Na wstępie
Tomasz Raudner - Redaktor naczelny Nowin Wodzisławskich
Szukanie pozytywów w nawet najgorszej sytuacji jest bliskie mojej filozofii życiowej. Z tragikomicznego serialu pt. Most w Mszanie wyłowiłem przytaczane przez mieszkańców dwa pozytywy. Pierwszy – im dłużej most będzie w budowie, tym dłużej autostrada będzie darmowa. Drugi – z powodu niedokończonego mostu fantastyczne samochody uczestniczące w rajdzie Gumball jechały objazdem i były na wyciągnięcie ręki. Dokładam jeszcze trzeci pozytyw – mostu nie skończy Alpine. Najpierw zrezygnowała, potem potwierdziła rezygnację. Trzymam za słowo. Dwa nieudane podejścia do budowy to i tak o jeden raz za dużo. Największym negatywem jest termin oddania gotowego mostu – za rok! Gdy do skończenia zostało tylko 5 procent zadania. Dla mnie 5 procent to malowanie pasów i zamiatanie piasku. Widocznie piasku jest dużo. Czekamy już trzy lata na autostradę, poczekamy i kolejny rok. Nie wyrobią się? Gumball znowu przejedzie przez gminy.
W Rydułtowach jak w Anglii
W Rydułtowach stanął dziwny znak. Wynika z niego, że w mieście obowiązuje ruch lewostronny. – Takie znaki ustawiła ekipa łatająca dziury w asfalcie przy ul. Bohaterów Warszawy. Zastanawiam się, skąd wzięli taki ciekawy znak zakazu wyprzedzania? Sami namalowali, czy też może przywieźli z Anglii, gdzie jest ruch lewostronny? – napisała w mailu nasza Czytelniczka.
Znane głosy na rydułtowskim audiobooku
– To gratka szczególnie dla młodego pokolenia rydułtowików – mówi burmistrz Kornelia Newy o pierwszym rydułtowskim audiobooku.

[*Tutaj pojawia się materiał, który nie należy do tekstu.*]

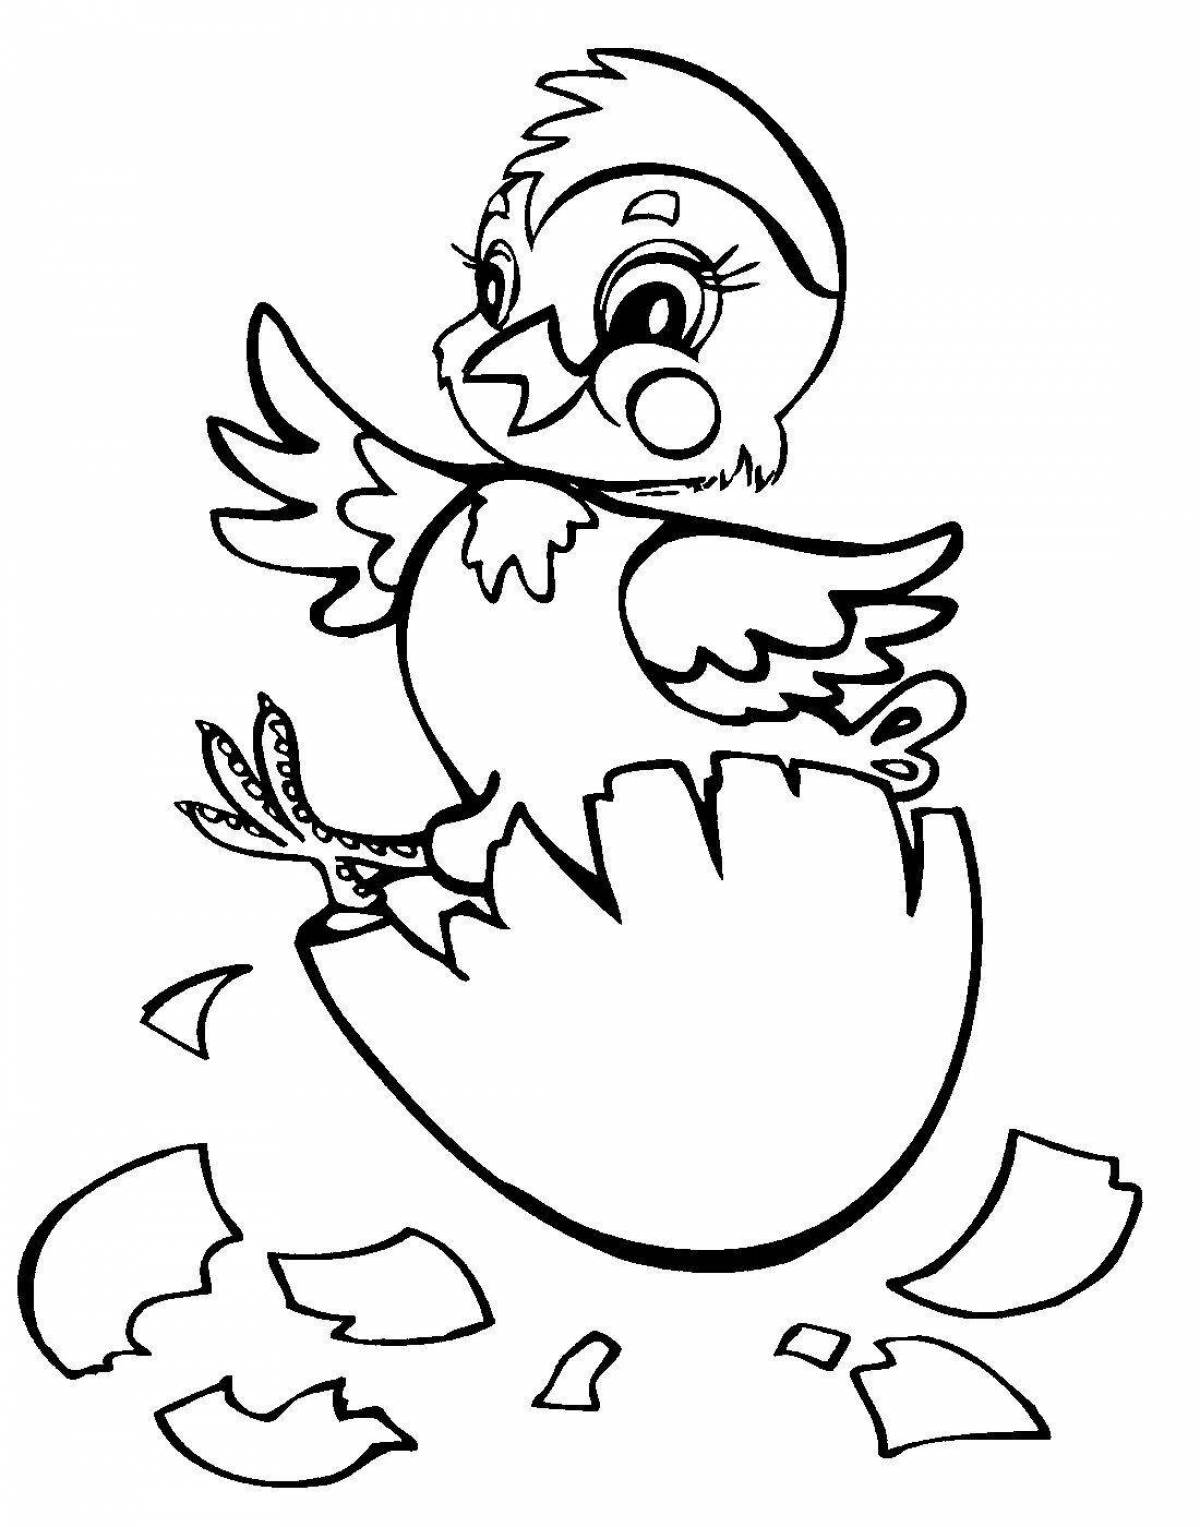 Coloring page cute chick in egg

Miasto wydało pierwszego audiobooka. Znalazły się na nim wspomnienia o dawnych Rydułtowach, czyli druga część felietonów Marii Antoniny Wieczorek, które składają się na cykl „Chcecie to wierzcie, chcecie nie wierzcie...” Pierwsza jego część ukazała się drukiem w 2007 roku. W przygotowanie książki mówionej zaangażowało się wiele znanych w Rydułtowach osobliwości. Poszczególne fragmenty nagrywali między innymi: Barbara Laszczyńska, Janina Chlebik-Turek, Krzysztof Jędrośka, Henryk Hajduk, Arkadiusz Żabka, Alicja Kołodziej, czy Kornelia Newy, która o audiobooku mówi tak: – Młode pokolenie rydułtowików dawne czasy może znać jedynie z przekazów swoich dziadków i rodziców. I właśnie to pokolenie jest głównym adresatem tej książki. Dlatego też zdecydowaliśmy się, po raz pierwszy w dziejach Rydułtów, by wydać ją w nowoczesnej formie, czyli w postaci audiobooka. Oprawę wizualną i artystyczną stanowią prace plastyczne przedstawiające dawne Rydułtowy oraz zdjęcia z dawnych lat – podkreśla pani burmistrz.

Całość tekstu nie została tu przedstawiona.